**WORK REQUIRED**
In the records below, the relevant part opens with the line containing "Martin Stacked - Full" and closes with the line containing "Leather Tassel Slip-On Loafers image 3"; print that part exactly and only, without its pictures.

**SOURCE MATERIAL**
Segment Open

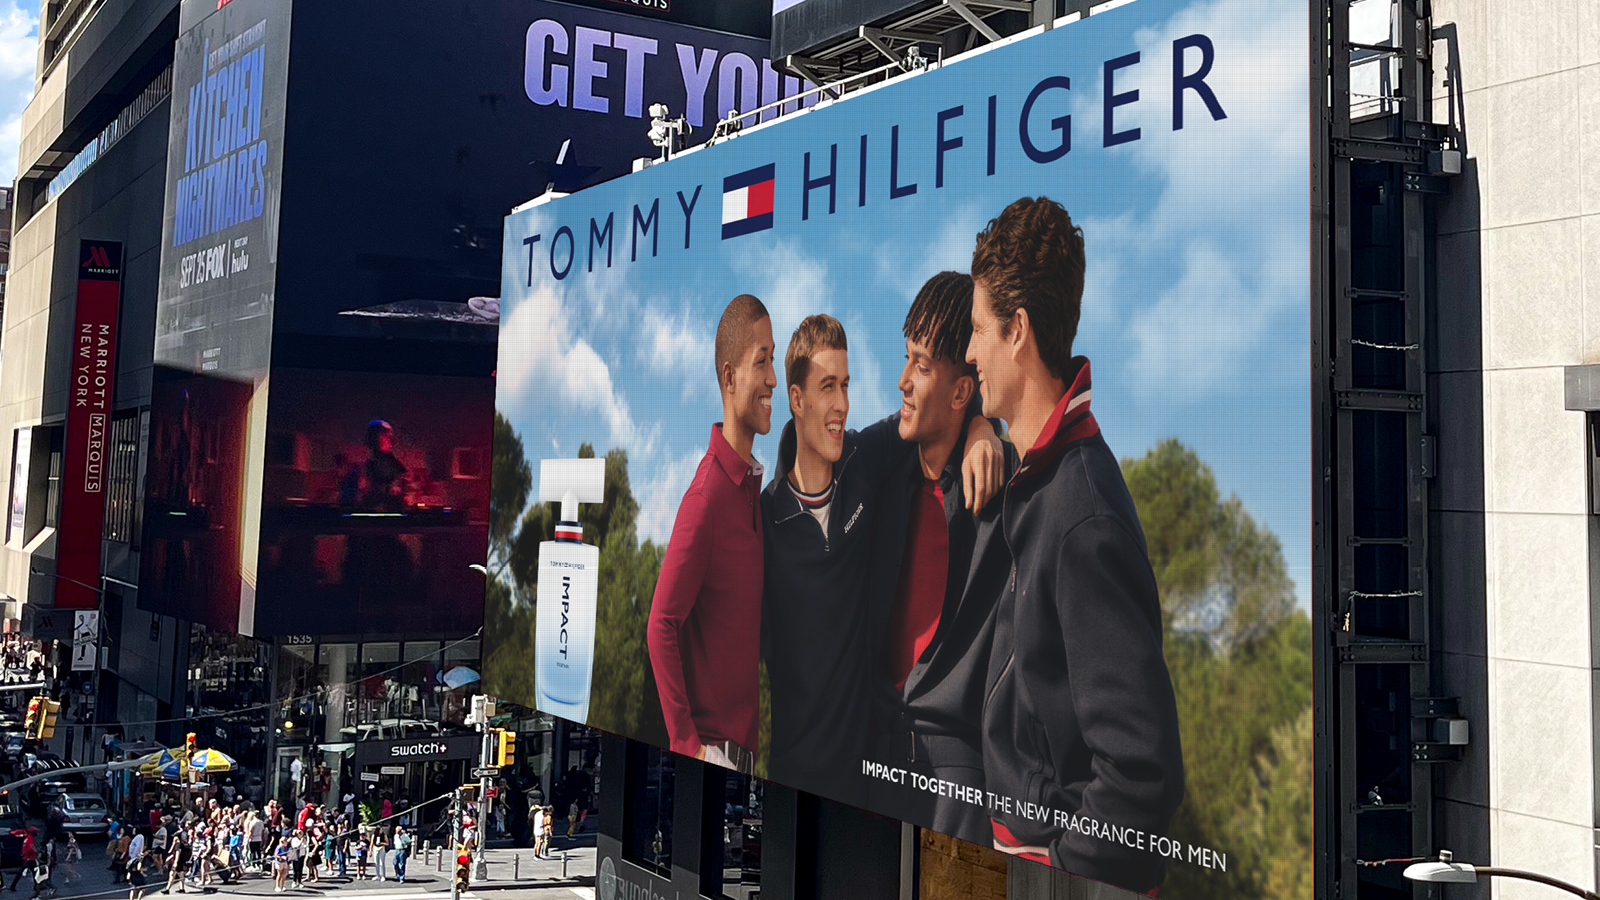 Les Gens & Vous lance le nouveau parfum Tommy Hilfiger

Segment Closed
Segment Open

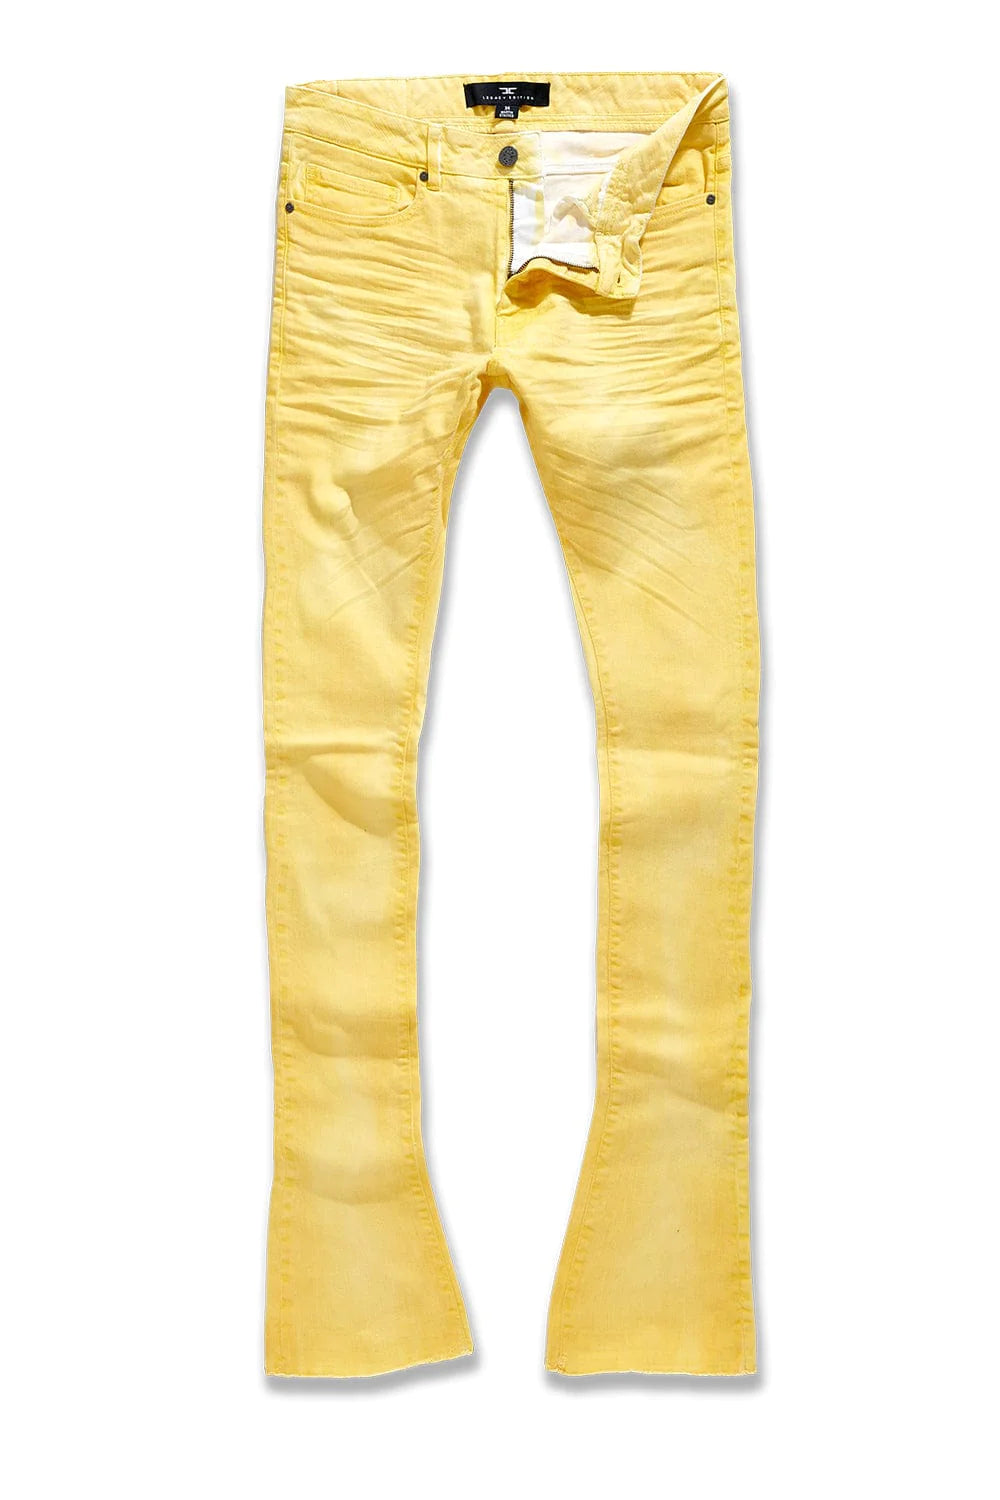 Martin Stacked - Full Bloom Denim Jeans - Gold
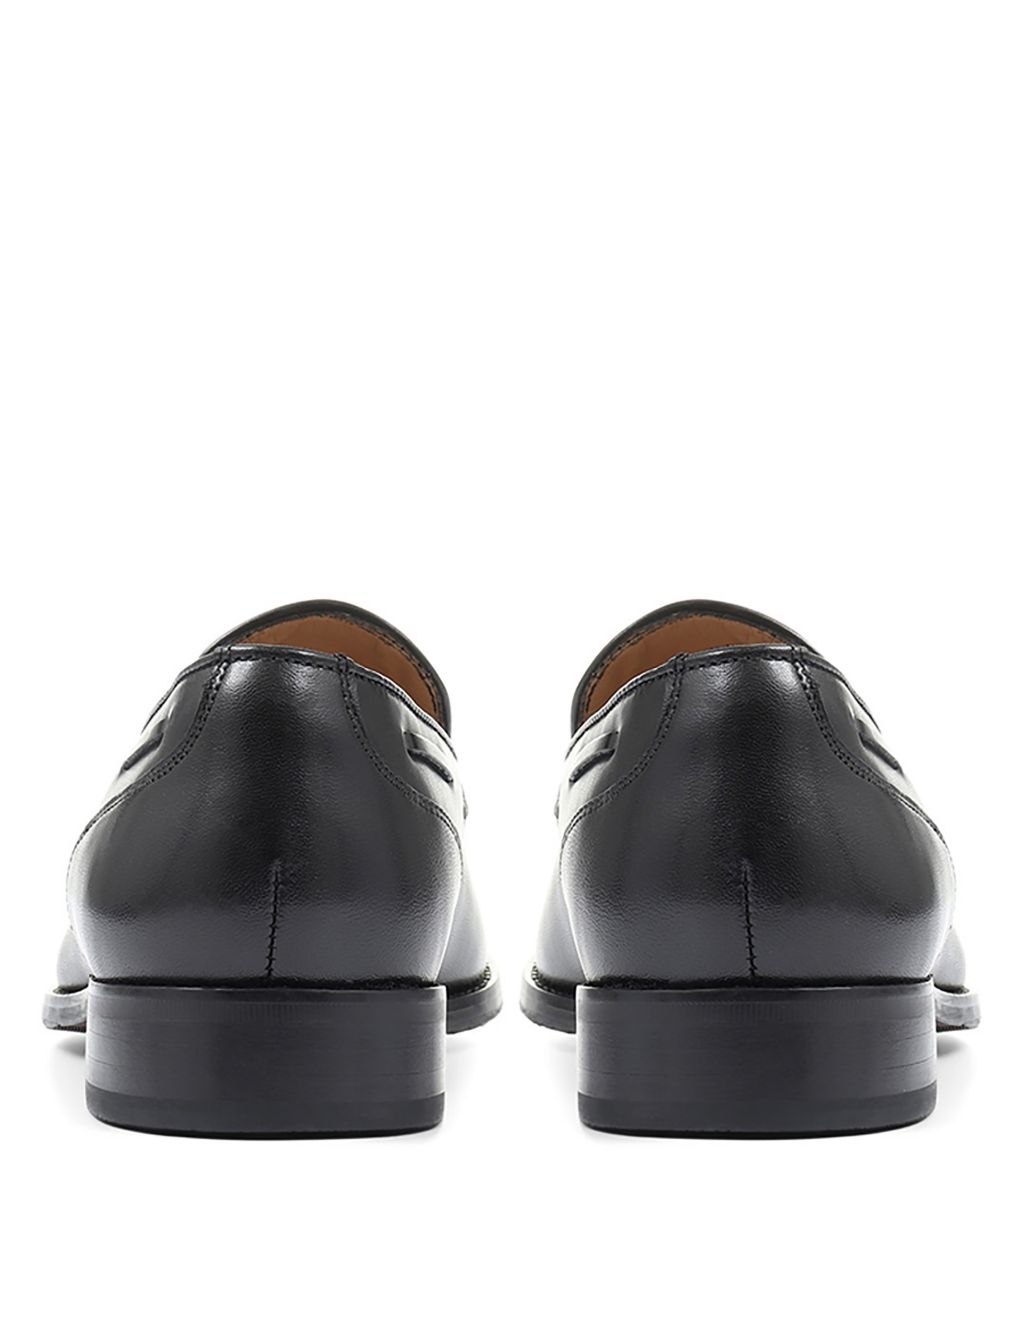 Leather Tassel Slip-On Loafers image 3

Segment Closed

**RESULT FOR THIS TASK**
 Martin Stacked - Full Bloom Denim Jeans - Gold
 Leather Tassel Slip-On Loafers image 3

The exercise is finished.